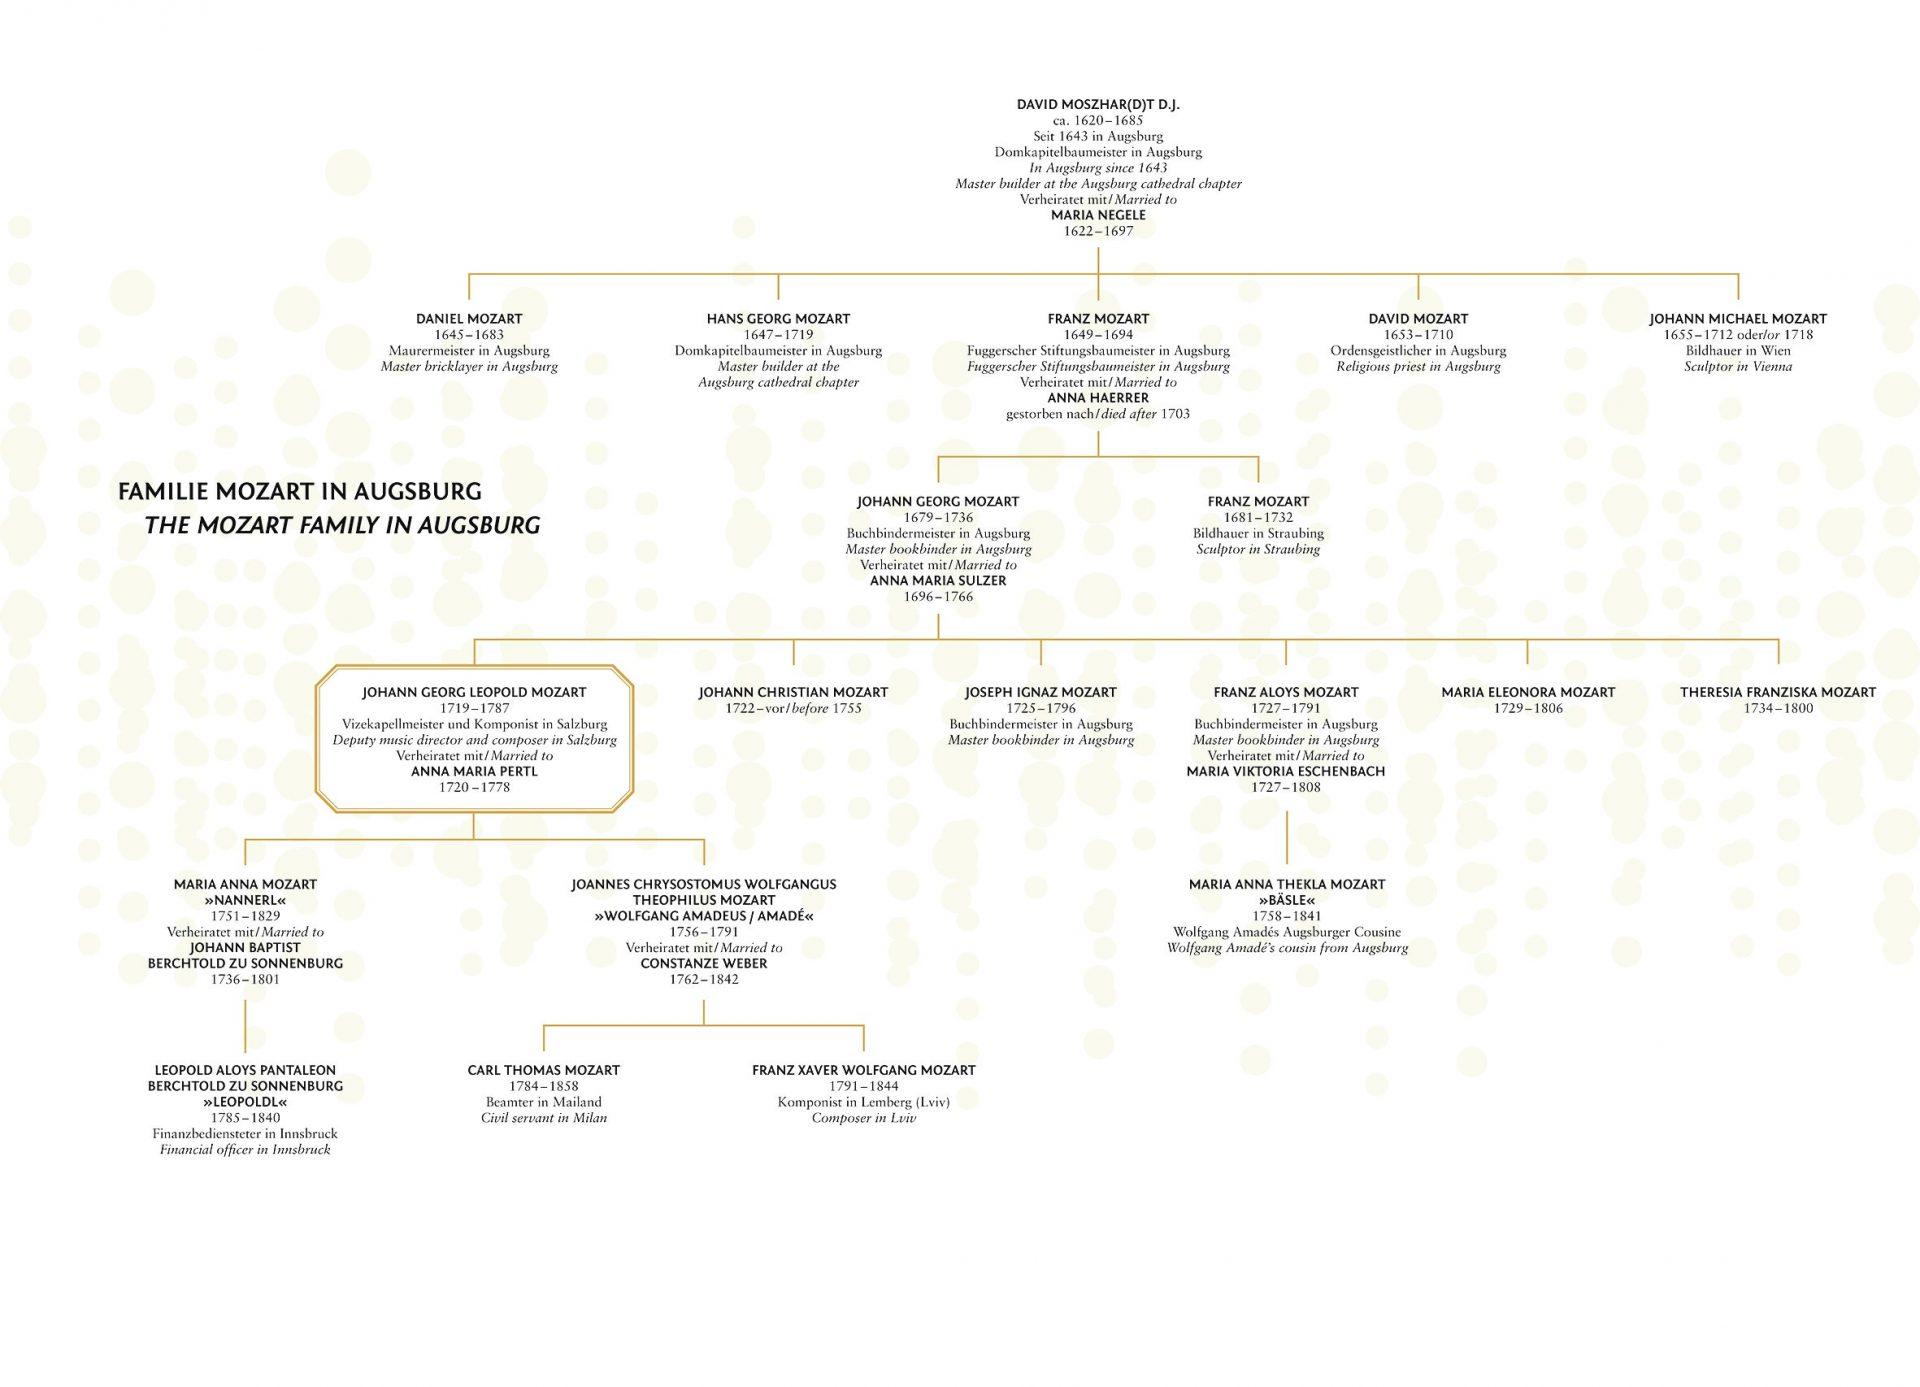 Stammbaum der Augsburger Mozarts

+---+

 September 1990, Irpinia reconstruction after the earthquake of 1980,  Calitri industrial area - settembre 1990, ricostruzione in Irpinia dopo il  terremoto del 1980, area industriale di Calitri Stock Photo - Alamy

+---+

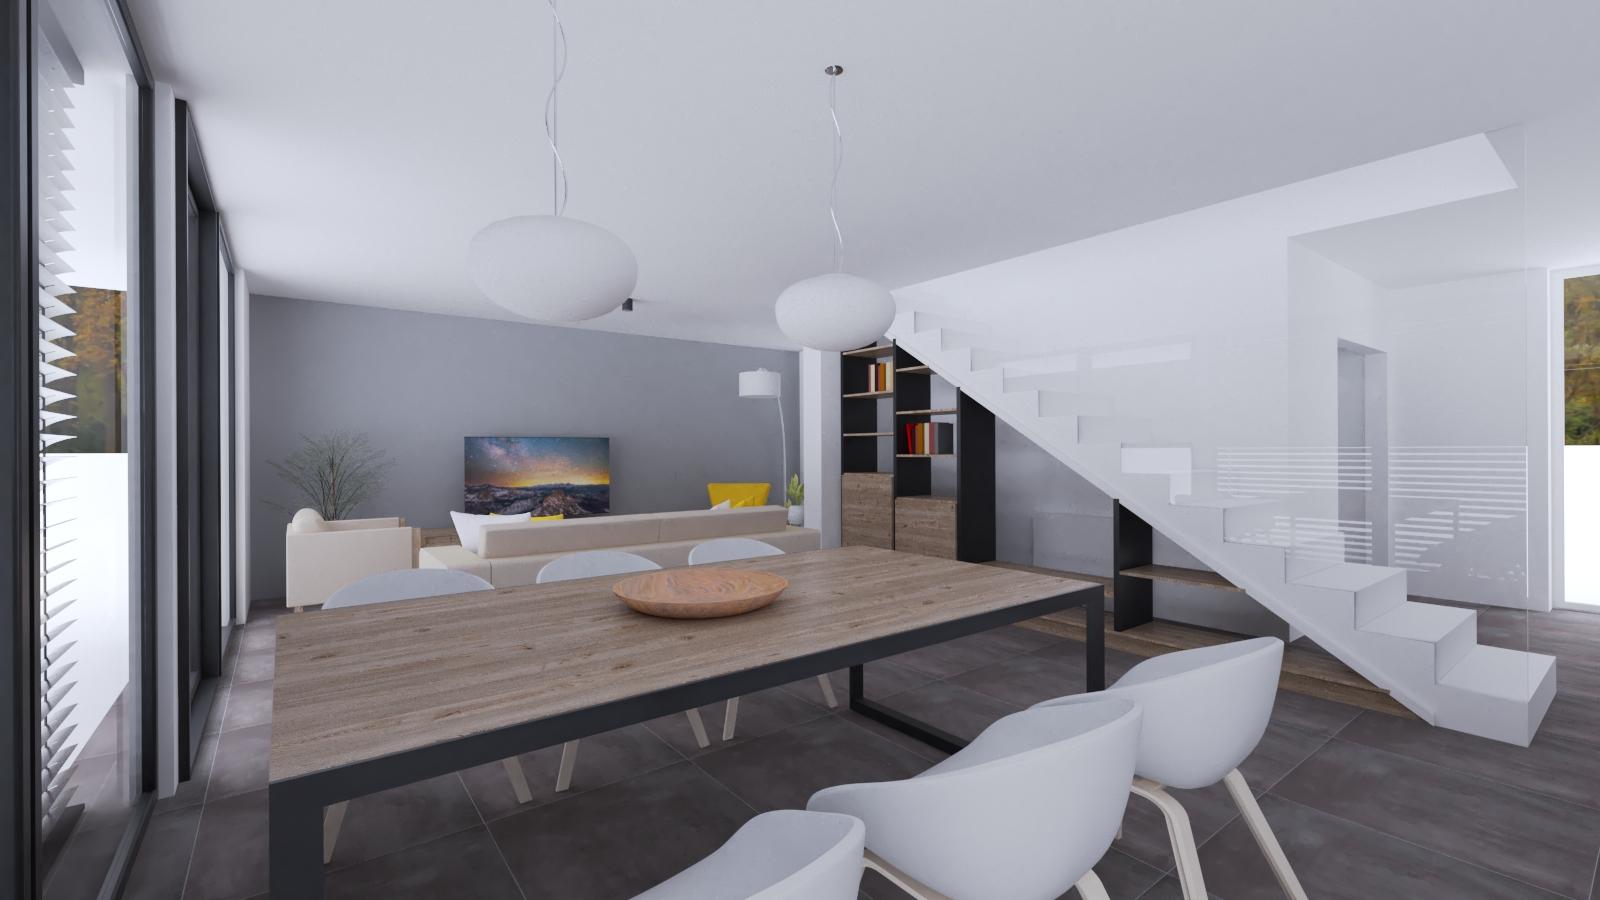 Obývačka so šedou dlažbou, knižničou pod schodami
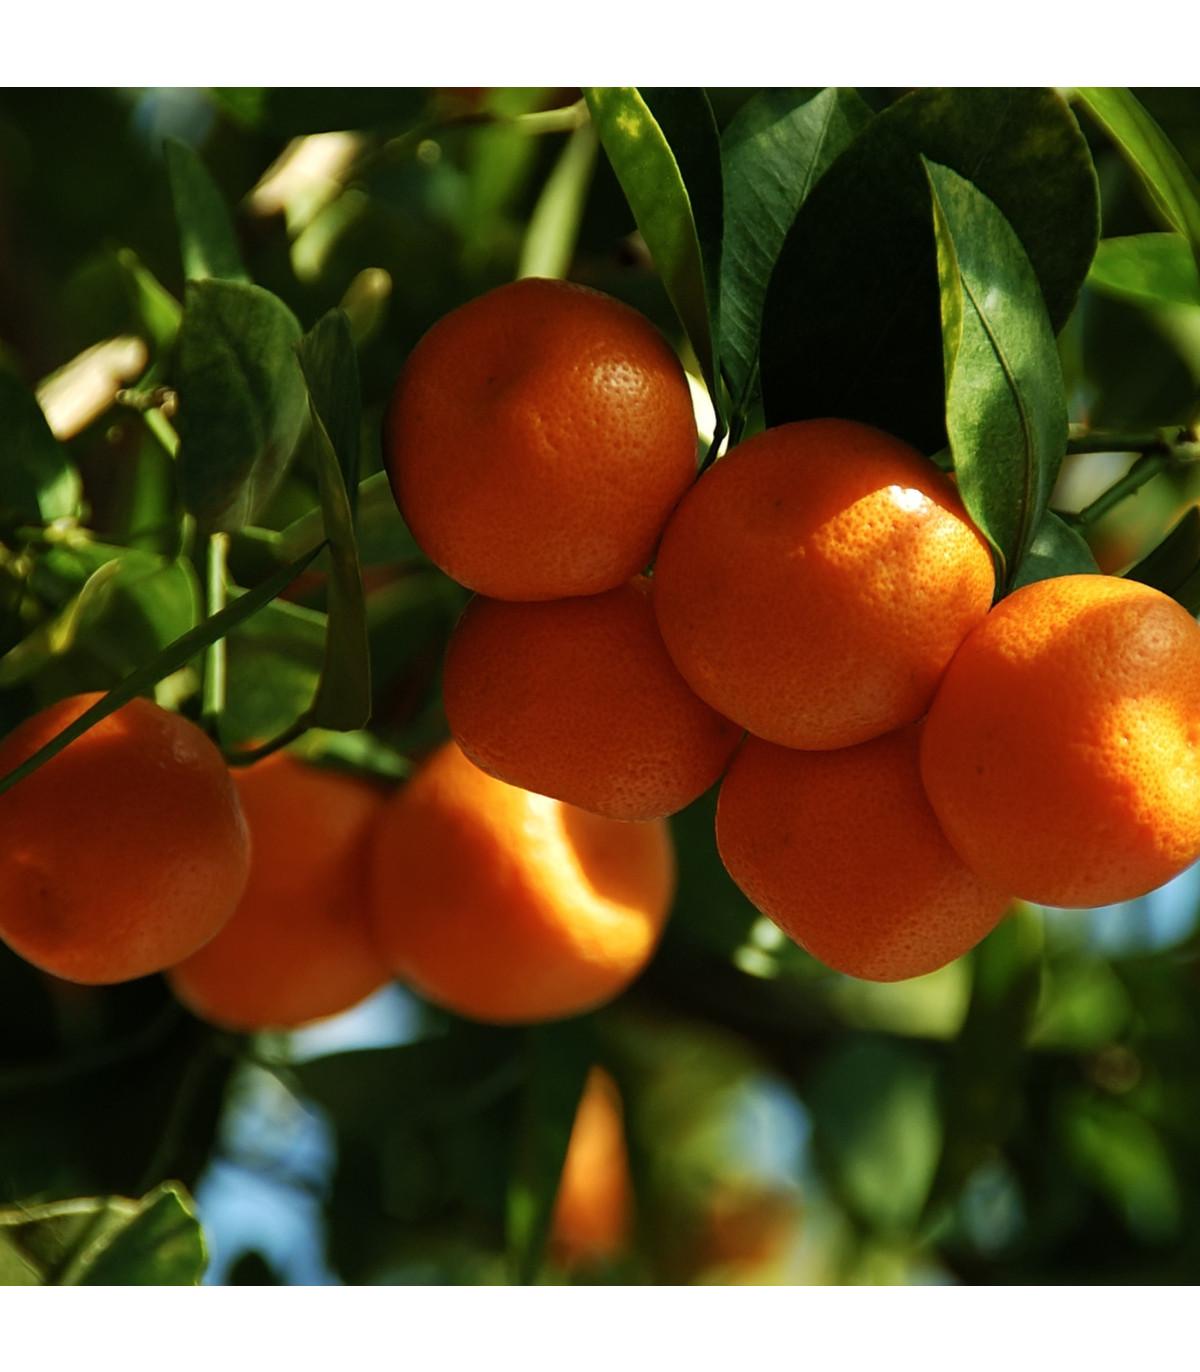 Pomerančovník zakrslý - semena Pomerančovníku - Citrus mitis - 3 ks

+---+

# Assignment
Copy only what runs above from the line containing "Obývačka so šedou" through the line containing "Pomerančovník zakrslý - semena", exactly. Leave out the pictures.

# Answer for this exercise
 Obývačka so šedou dlažbou, knižničou pod schodami
 Pomerančovník zakrslý - semena Pomerančovníku - Citrus mitis - 3 ks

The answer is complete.